Find x
(4^x)=((3/4)x)+7
Thank you!
Woahhh! you are going to need some fancy work here
let's look at y = x^4 vs y = 3x/4 + 7
https://www.wolframalpha.com/input/?i=plot+y+%3D+4%5Ex+,+y+%3D+3x%2F4+%2B+7
looks like we have 2 solutions, one between -9 and -10 and another around 1.5
Do you know Calculus, thus Newton's Method?
I suspect a typo. However, we can solve
4^x=3/4^x+7
Now, let u = 4^x and we have
u^2 - 7u - 3 = 0
u = (7±√61)/2
We want only the real solution:
u = (7+√61)/2
so, x = log4 (7+√61)/2
or
x = (log (7+√61)/2)/log4
To find the value of x in the equation (4^x)=((3/4)x)+7, we can start by isolating the exponential term on one side of the equation.

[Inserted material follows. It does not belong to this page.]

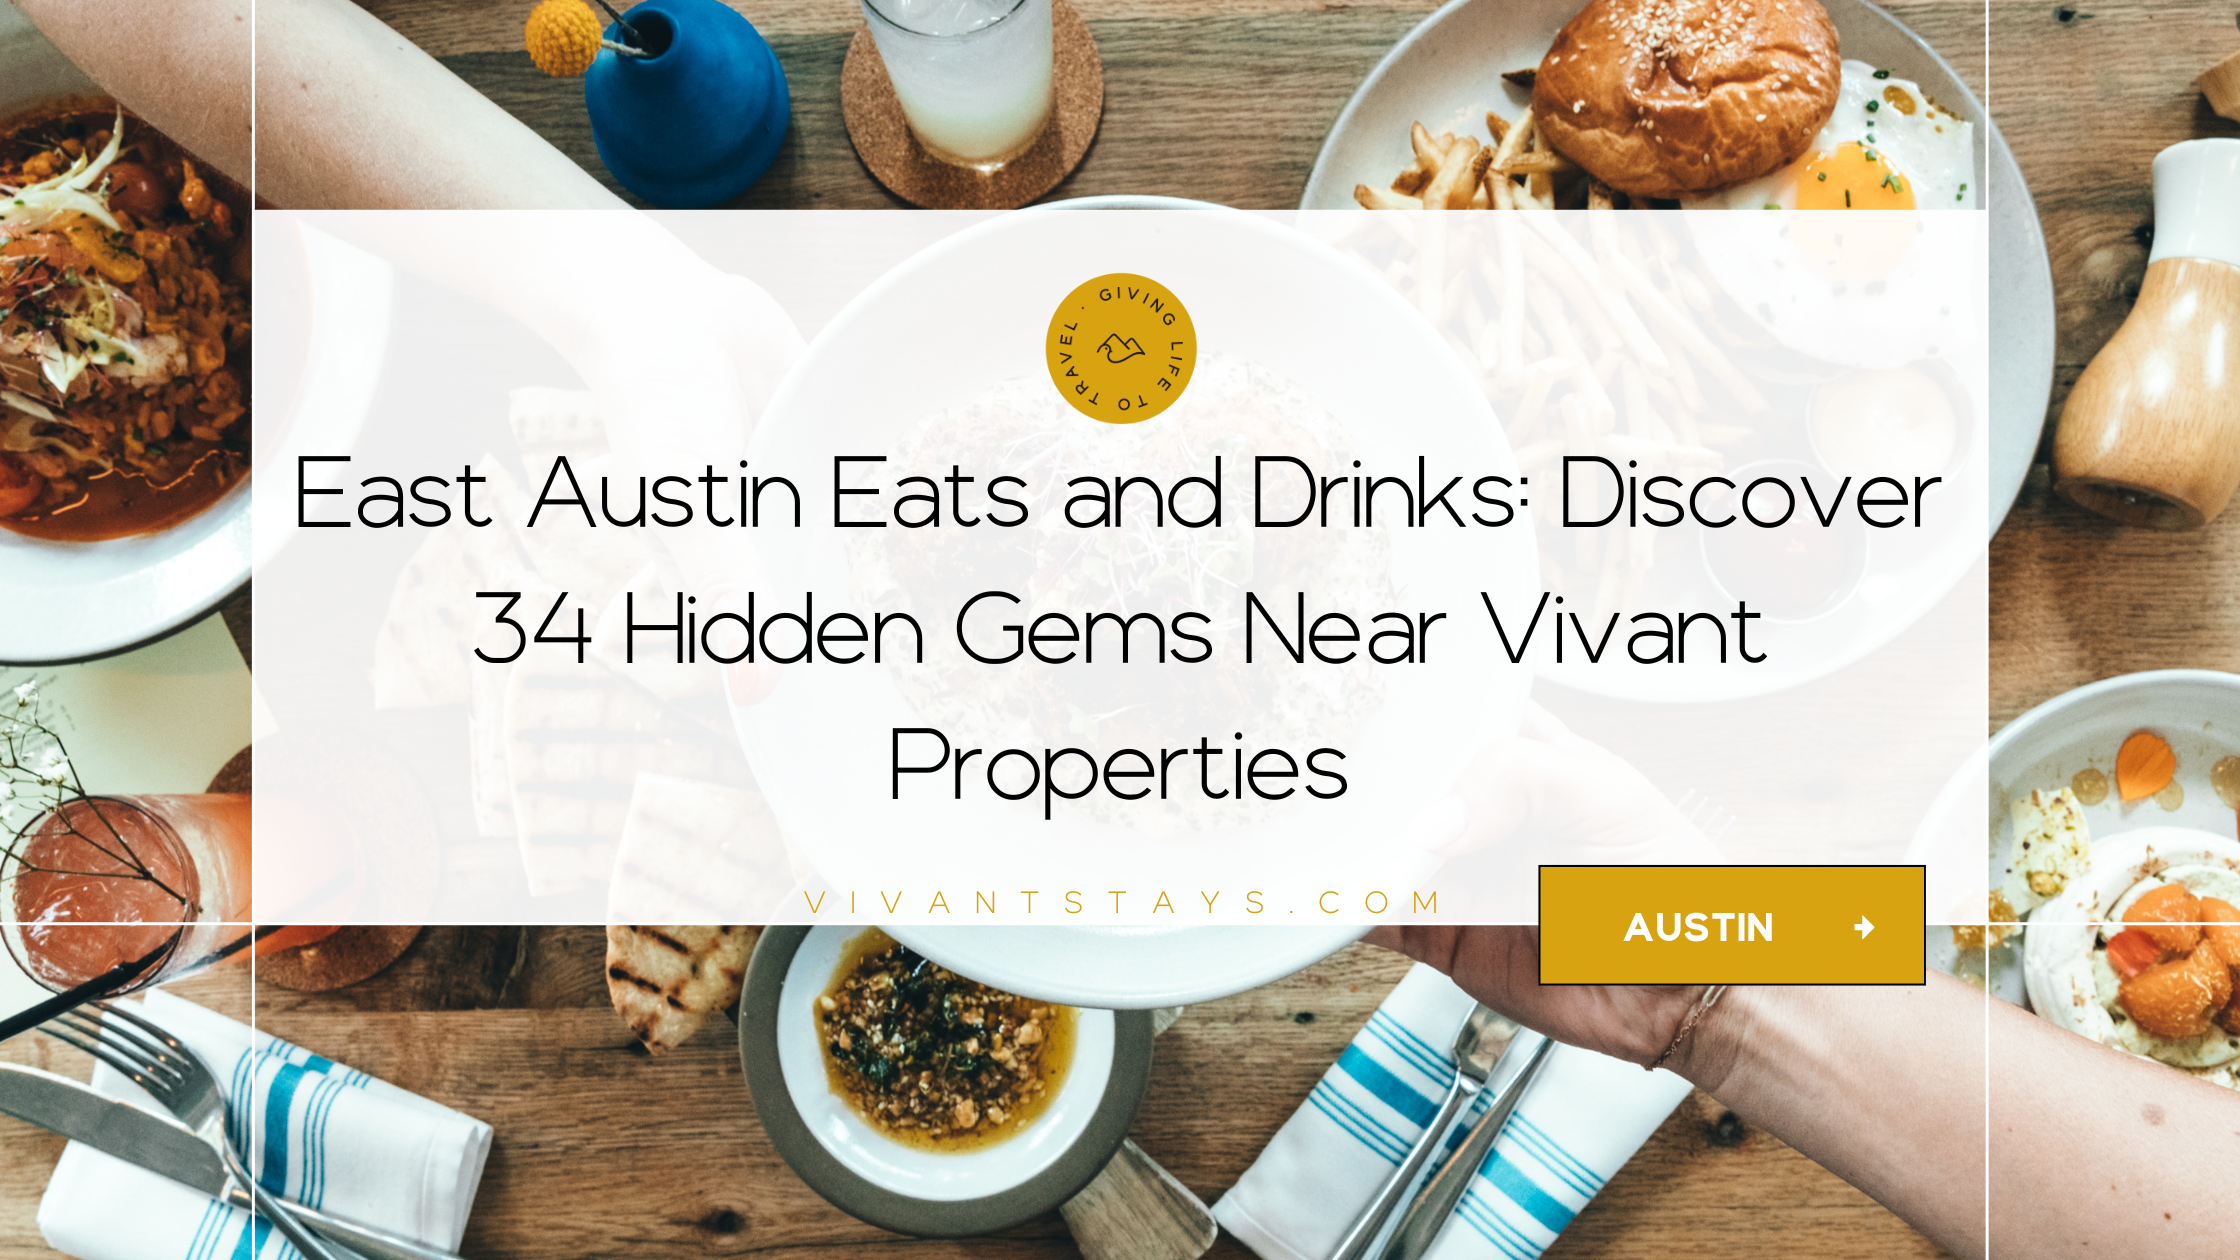 Image of food and drinks on a table with the blog post title “East Austin Eats and Drinks: Discover 34 Hidden Gems Near Vivant Properties”

Let's first simplify the equation by multiplying both sides by 4 to clear the fraction:
4 * (4^x) = 4 * ((3/4)x + 7)
Now, using the property of exponents, we can rewrite the left side as:
(4^(x+1)) = 3x + 28
Next, let's rewrite 4 as a base of 2 raised to the power of 2:
((2^2)^(x+1) = 3x + 28)
Using the exponent rule (a^m)^n = a^(m*n), we can simplify it further:
(2^(2*(x+1))) = 3x + 28
Now, we can distribute the exponent 2*(x+1):
(2^(2x+2)) = 3x + 28
Since both sides have the same base (2), we can equate the exponents:
2x+2 = 3x + 28
By subtracting 2x from both sides, we have:
2 = x + 28
By subtracting 28 from both sides, we get:
-26 = x
Therefore, the value of x in the given equation is -26.